1
votes

I have a patient table with a few columns, and a clustered index on column ID and a non-clustered index on column birth.

create clustered index CI_patient on dbo.patient (ID)
create nonclustered index NCI_patient on dbo.patient (birth)

Here are my queries:

select * from patient 

select ID from patient

select birth from patient 

Looking at the execution plan, the first query is 'clustered index scan' (which is understandable because the table is a clustered table), the third one is 'index scan nonclustered' (which is also understandable because this column has a nonclustered index)
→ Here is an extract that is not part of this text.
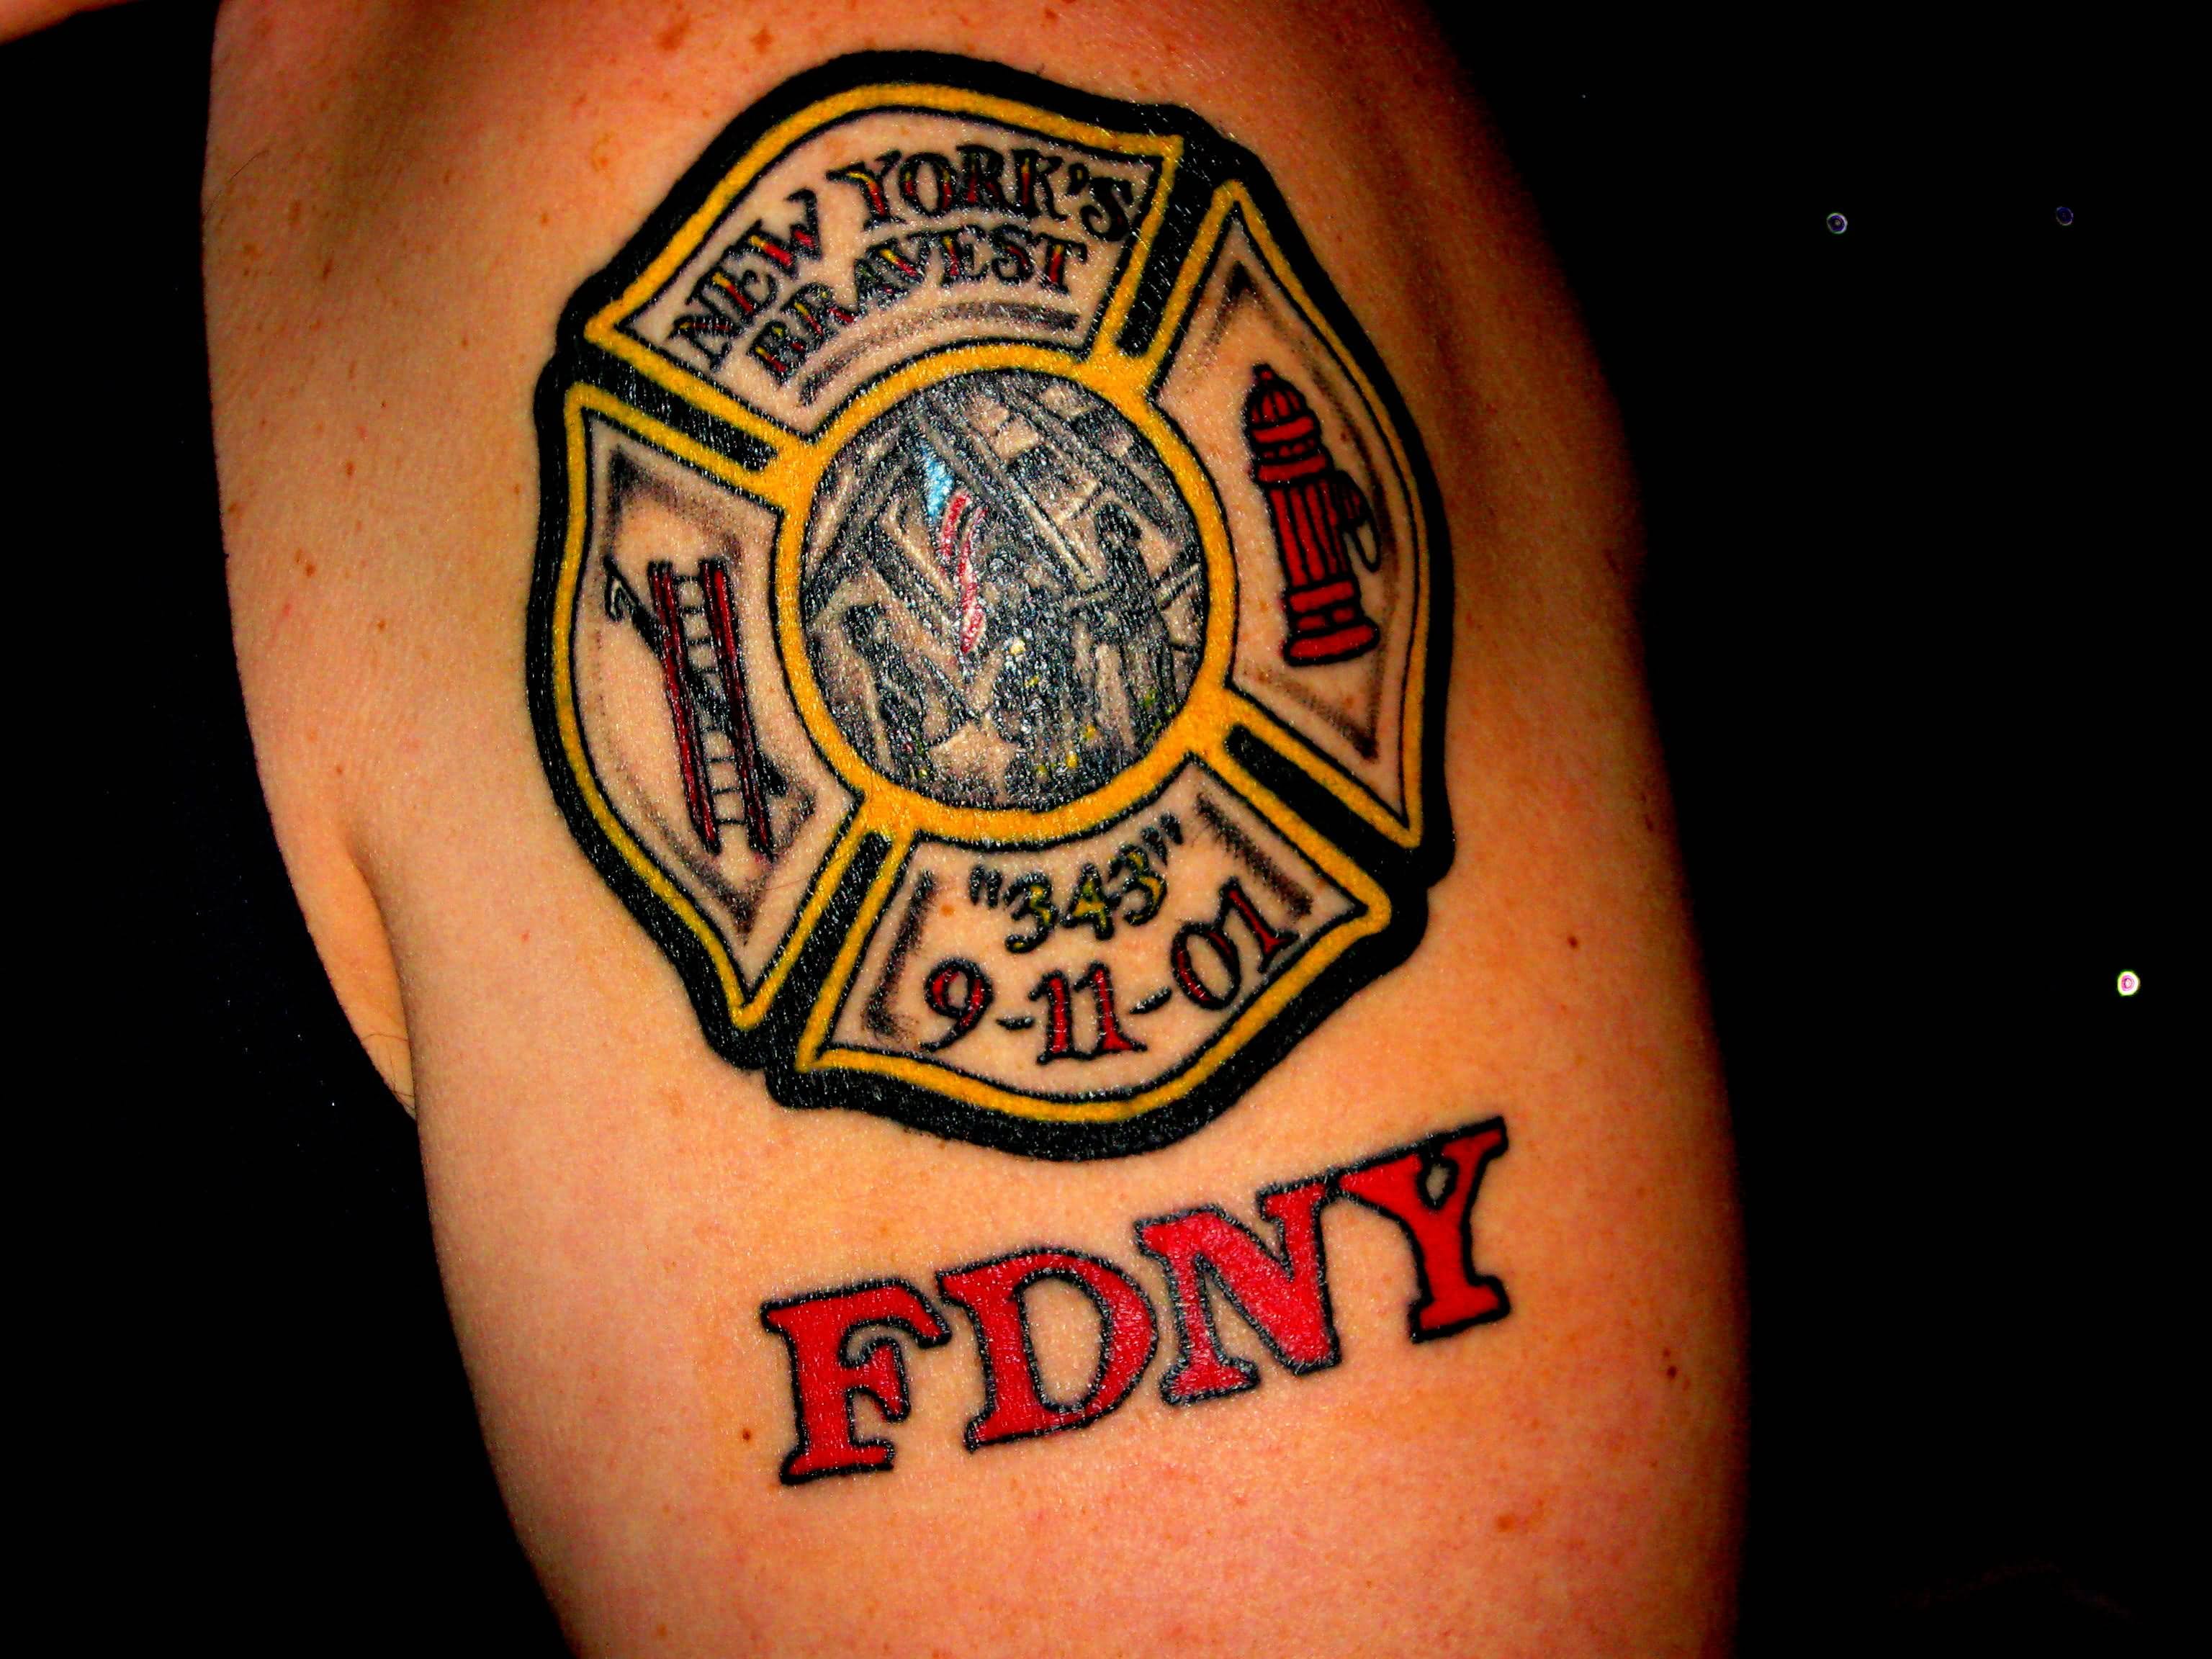 FDNY - Firefighter Cross Tattoo Design For Shoulder

My question is why the second one is 'index scan nonclustered'? This column suppose to have a clustered index, in this sense, should that be clustered index scan? Any thoughts on this?

query

1
How large is the table? The query plans on small tables don't mean much. - Gordon Linoff
@GordonLinoff It is a pretty small table, or a test table. I created it to practice sql index. - Kay
A non-clustered index also contains the clustered index key as the row locater. This is ID - so it is more efficient to scan that index. Change the clustered index to something else and you will likely see that plan change to the clustered index. - SMor
@SMor, would you please further explain why if the column is ID it would more efficient to be non-clustered index scan? Thanks! - Kay
@Kay, the leaf nodes of the non-clustered index contain only birth(the key column) and id (row locator) as @SMor mentioned. The leaf nodes of the clustered index contain all columns in the table. Although both contain the requested id column, the optimizer chose the non-clustered index because is faster to scan the smaller of the 2 indexes. Full scans (e.g. no WHERE clause) typically use the narrowest index with all the columns needed by the query. - Dan Guzman

1 Answers

3
votes

Basically, your second query wants to get all ID values from the table (no WHERE clause or anything).

SQL Server can do this two ways:

  • clustered index scan - basically a full table scan to read all the data from all rows, and extract the ID from each row - would work, but it loads the WHOLE table, one by one
  • do a scan across the non-clustered index, because each non-clustered index also includes the clustering column(s) on its leaf level. Since this is a index that is much smaller than the full table, to do this, SQL Server will need to load fewer data pages and thus can provide the answer - all ID values from all rows - faster than when doing a full table scan (clustered index scan)

The cost-based optimizer in SQL Server just picks the more efficient route to get the answer to the question you've asked with your second query.